Annuity segment results for the fourth quarter of 2019 increased compared to the fourth quarter of 2018 and the third quarter of 2019. Earnings in the historical quarters were negatively impacted by an early retirement program offered to employees in 2018 and the impact of unlocking certain actuarial assumptions in the third quarter of 2019. This block of business continues to steadily grow, but results are pressured by low market interest rates.

Point-in-time spreads on our individual annuities decreased 2 basis points during the fourth quarter of 2019 primarily due to a decline in the investment yield from the maturity of higher-yielding assets and the reinvestment of proceeds in lower-yielding assets.

Life Insurance segment results for the fourth quarter of 2019 reflect a steadily growing book of business and the unlocking and reinsurance true-up benefits I mentioned. Spreads for our universal life insurance business are also pressured due to the impact of lower reinvestment yields. Point-in-time universal life spreads decreased 7 basis points during the quarter.

Corporate & Other segment results were lower during the quarter for several reasons. First, this segment experienced higher death benefits due primarily due to an increased number of life -- large claims in our closed block of variable universal life insurance business. This is a normal quarterly fluctuation in mortality results in this relatively small block of business.

Second, the Corporate & Other segment for the fourth quarter of 2019 includes an after-tax net loss totaling $1 million or $0.04 per share related to the investment in our wealth management business. These items were partially offset by the impact of the strong equity market performance in the fourth quarter on the amortization of deferred acquisition costs. This decreased amortization by $1.1 million or $0.04 per share after tax.

As we look forward in 2020, we expect the wealth management business to continue to require a net investment, as it will take some time before that business has the scale to deliver positive bottom line results. The investment environment remains challenging. The 10-year treasury rate declined 77 basis points in 2019 and has declined even further so far in 2020. We are maintaining financial discipline and are not reaching for yield with lower quality investments. We are focused on adding high quality, longer duration investments, mostly NAIC 1 and 2 corporate bonds. We're also investing in high-quality commercial mortgage loans when possible.

The tax adjusted yield on new investment acquisitions backing our long-term business was 3.57% for the fourth quarter of 2019. This is lower than our 2019 portfolio yield of 4.95%.

Before I move on to a discussion of our capital, I'd like to add some perspective regarding our fourth quarter results as they were impacted by many items that we can't expect to regularly reoccur. These items include the favorable unlocking impact, a higher-than-expected level of investment prepayment fee income, the life reinsurance true-up, the impact of favorable markets on DAC amortization and reserves, and worse than expected mortality experience. The net earnings impact of these items in the fourth quarter was a positive $0.37 per share. This, coupled with our expected investment in wealth management and headwinds with a low market interest rate environment, should be taken into account when you consider our earnings run rate for 2020.

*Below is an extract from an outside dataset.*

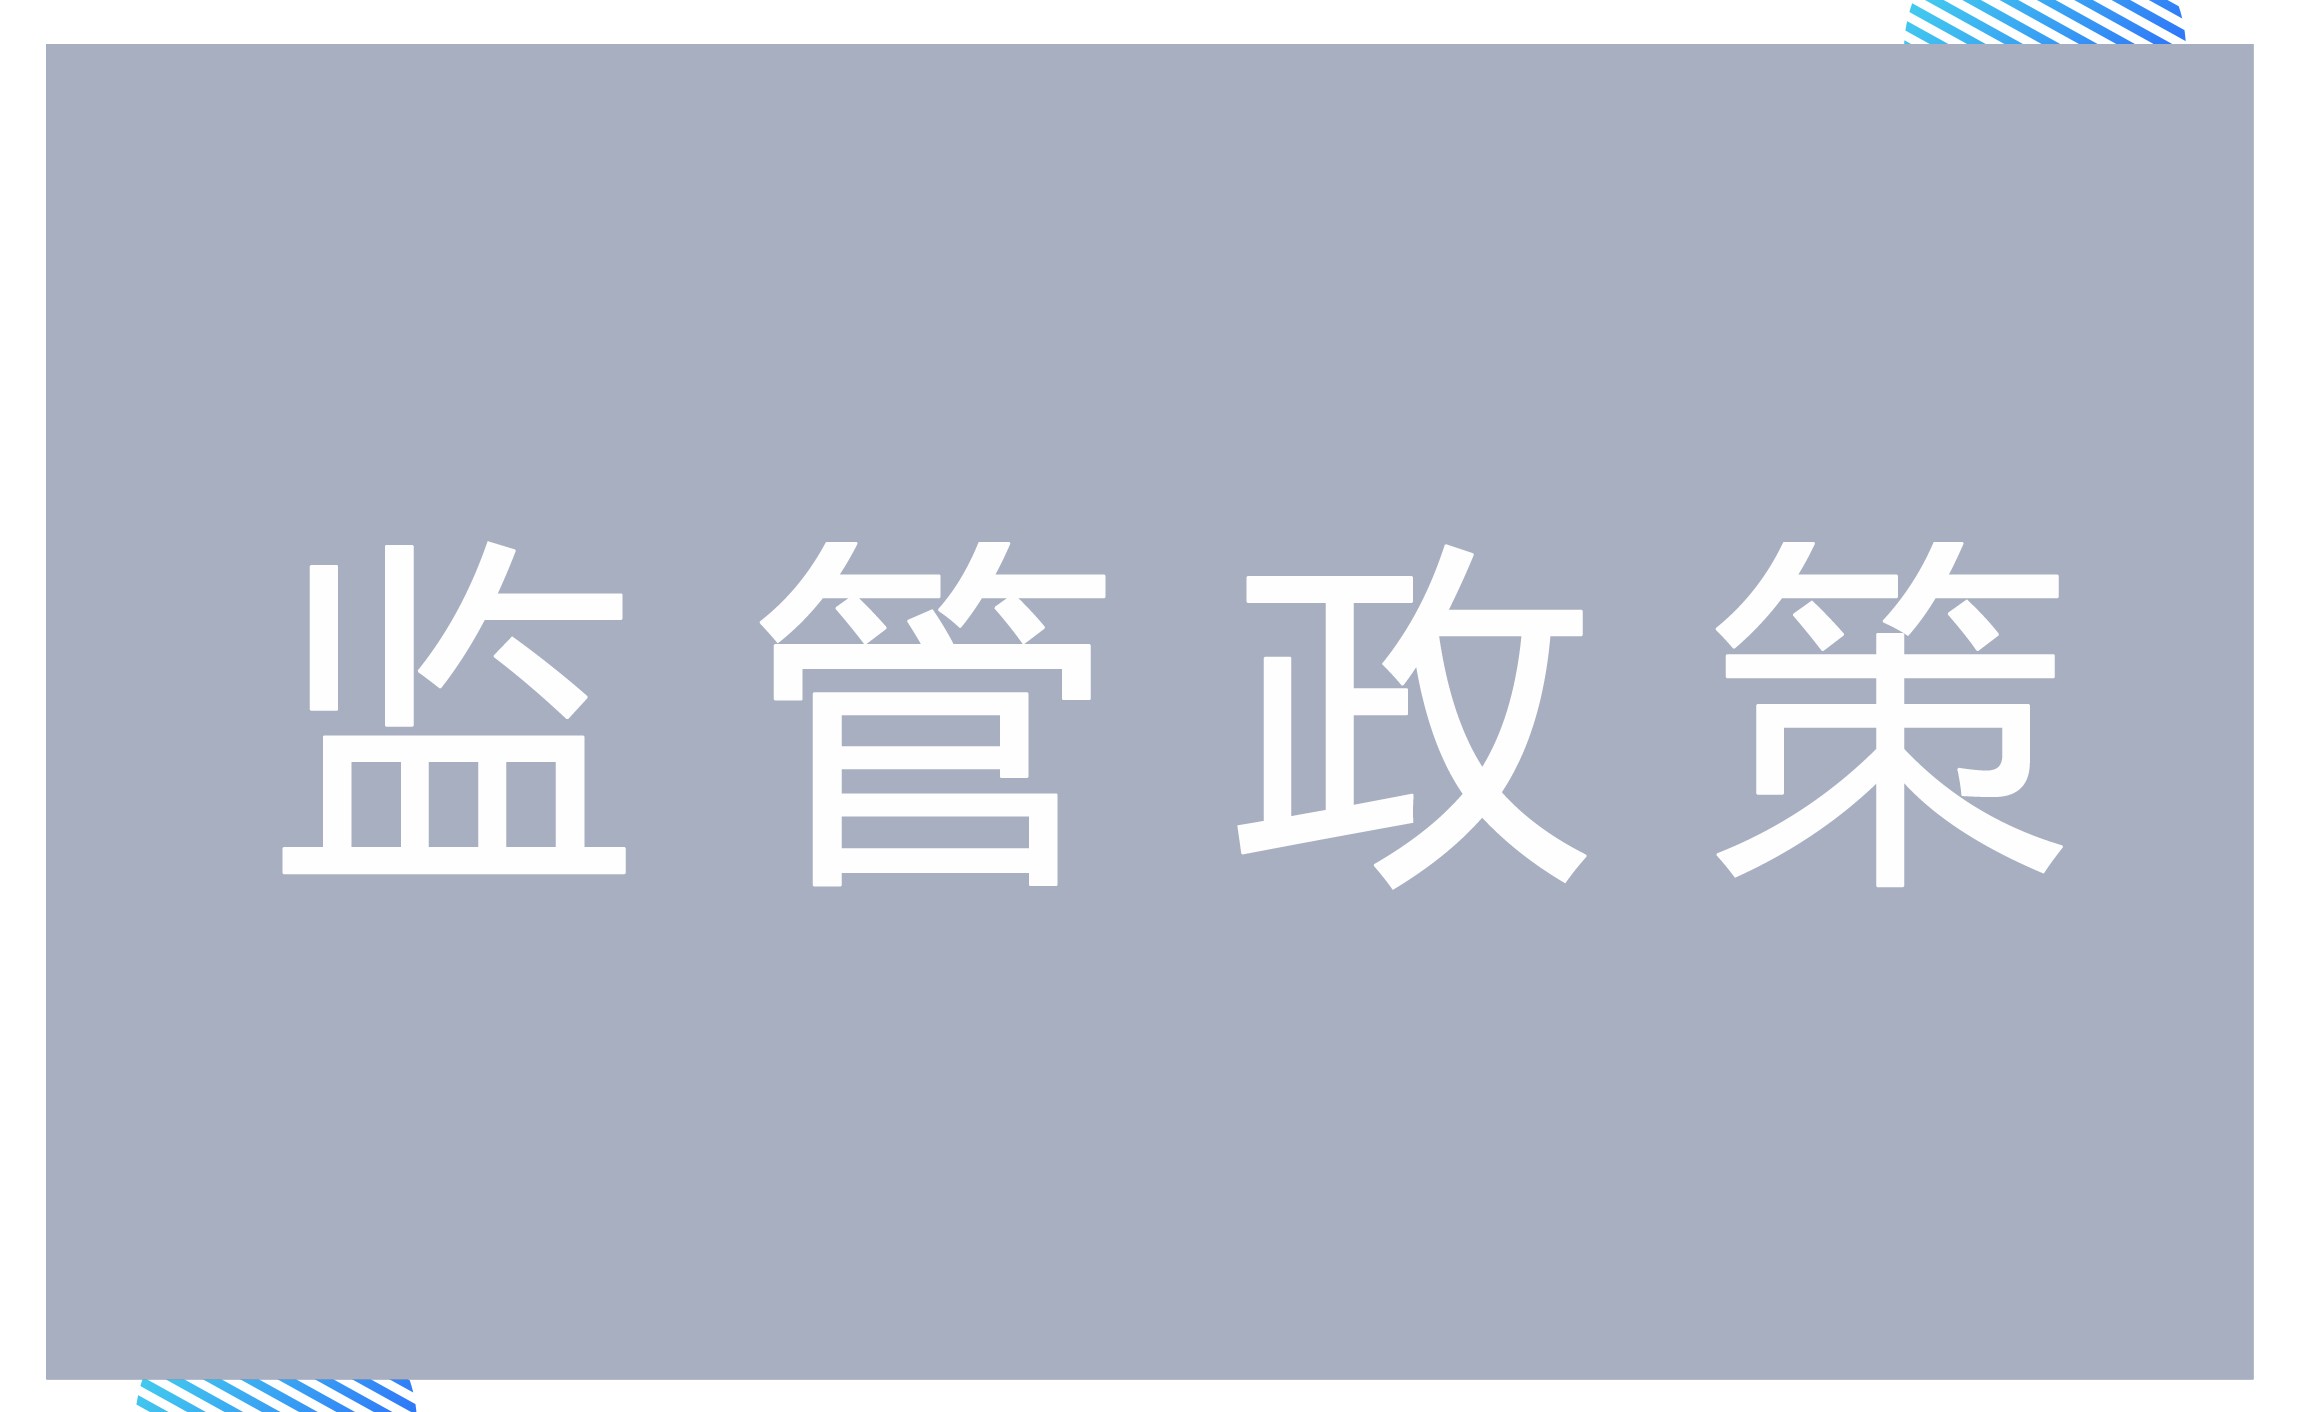 天津市地方税务局关于在滨海新区开展商业保理业营业税差额征税管理办法试点的通知

Next, I'll comment on our capital levels. At December 31, 2019, our subsidiary, Farm Bureau Life had an estimated company action level risk-based capital ratio of 562%. This is a 10-point increase from year-end 2018, even with the significant dividends paid from Farm Bureau Life to the holding company to fund the regular and special dividends paid to shareholders during the year.

We continue to have an excellent capital position with significant financial flexibility. We have multiple options for deploying our excess capital. They include stock repurchases, our regular quarterly dividend and the payment of special dividends. Given our limited public float, we had minimal stock repurchases in the open market in 2019.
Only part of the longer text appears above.